Oh, I know that such a statement raises the ire of individuals in our culture who are determined to try to erase any differences between biological men and biological women, and who continually strive to achieve a gender fluid milieu. But, while they might not realize it yet, such an endeavor is truly a losing battle. Biological men and biological women are, in fact, vastly different human creatures:

  • Biological women have very strong, natural interpersonal skills that biological men often lack. Biological women are naturally collegial, while biological men are naturally competitive.

  • In many ways, biological women are fearless, while biological men hold within themselves deep seated, often unrecognized, fears—including a basic fear of biological women.

  • On the one hand, biological men—driven by the predominant sin of lust—want to conquer and dominate biological women. On the other hand, biological men need the nurturing, support, and unconditional love that only a biological woman can provide.
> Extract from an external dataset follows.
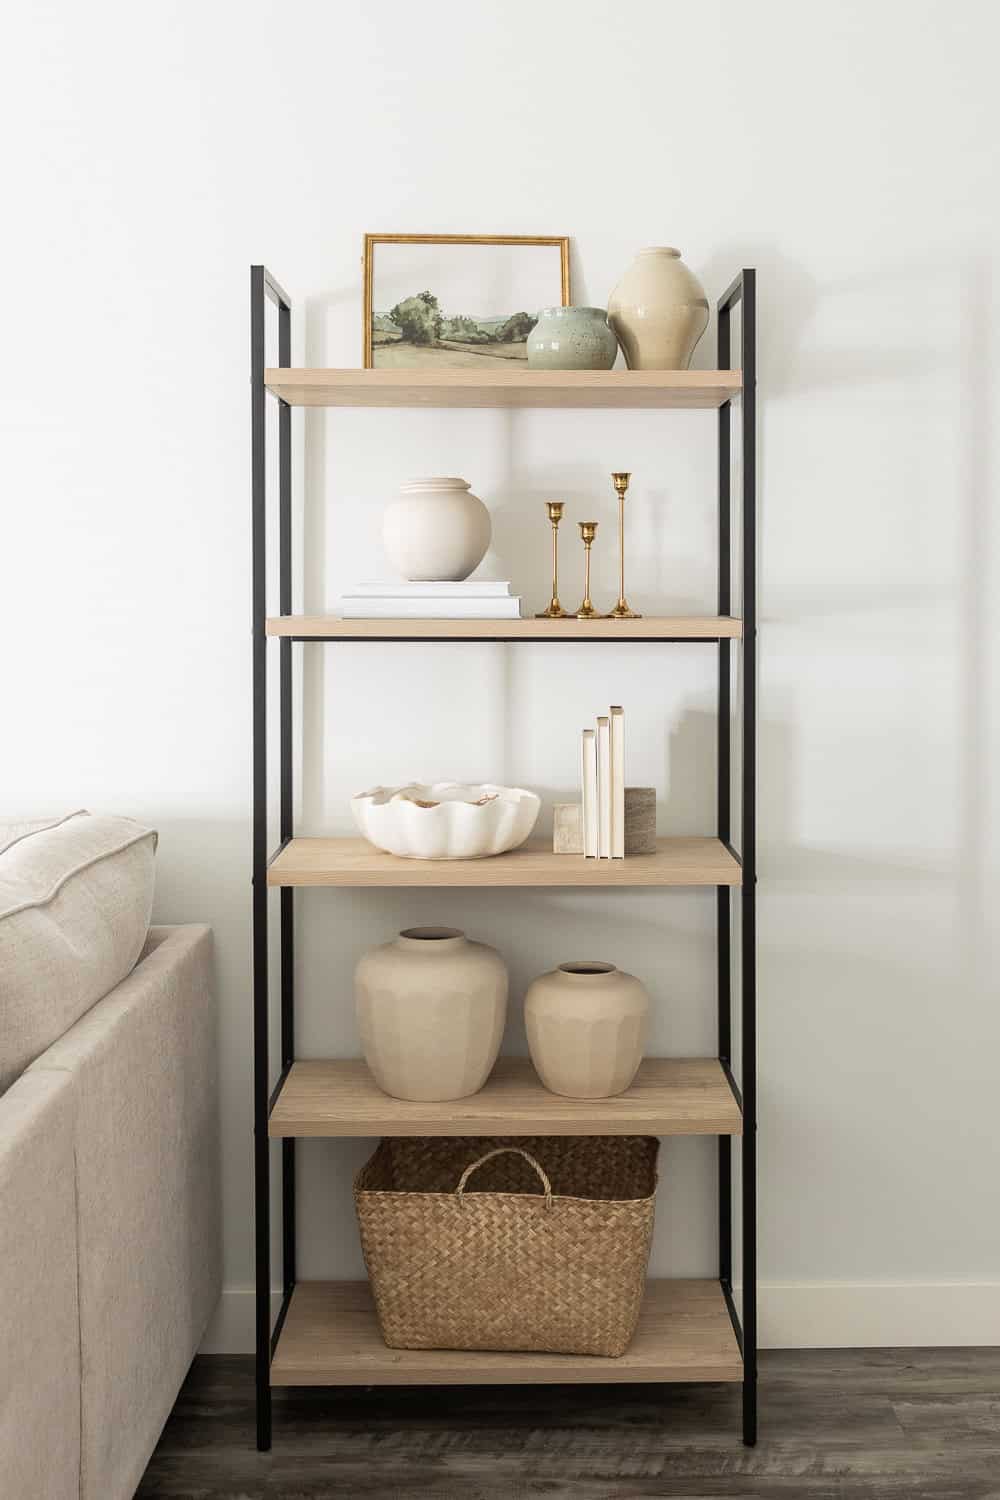 styling shelves

  • Biological women are driven by the predominant sin of covetousness. Their internal “radar” always looks to see what other biological women have. If they see something they view as desirable, they want that desirable thing—or person—too.

  • Yes, like biological men, biological women are sinners. Biological women tend to fall victim to different sins than the ones that assail biological men. But, biological women are still sinners.

  • Nevertheless, biological women possess so many admirable qualities that it is appropriate to acknowledge the very positive differences that biological women bring to interpersonal relationships. Certainly King Solomon understood this when he devoted much of Chapter 31 of the Book of Proverbs to celebrating the unique value of biological women. Note what Solomon wrote, as recorded in Proverbs 31:10, 27-28:
    A wife of noble character who can find? She is worth far more than rubies. She watches over the affairs of her household and does not eat the bread of idleness. Her children arise and call her blessed; her husband also, and he praises her …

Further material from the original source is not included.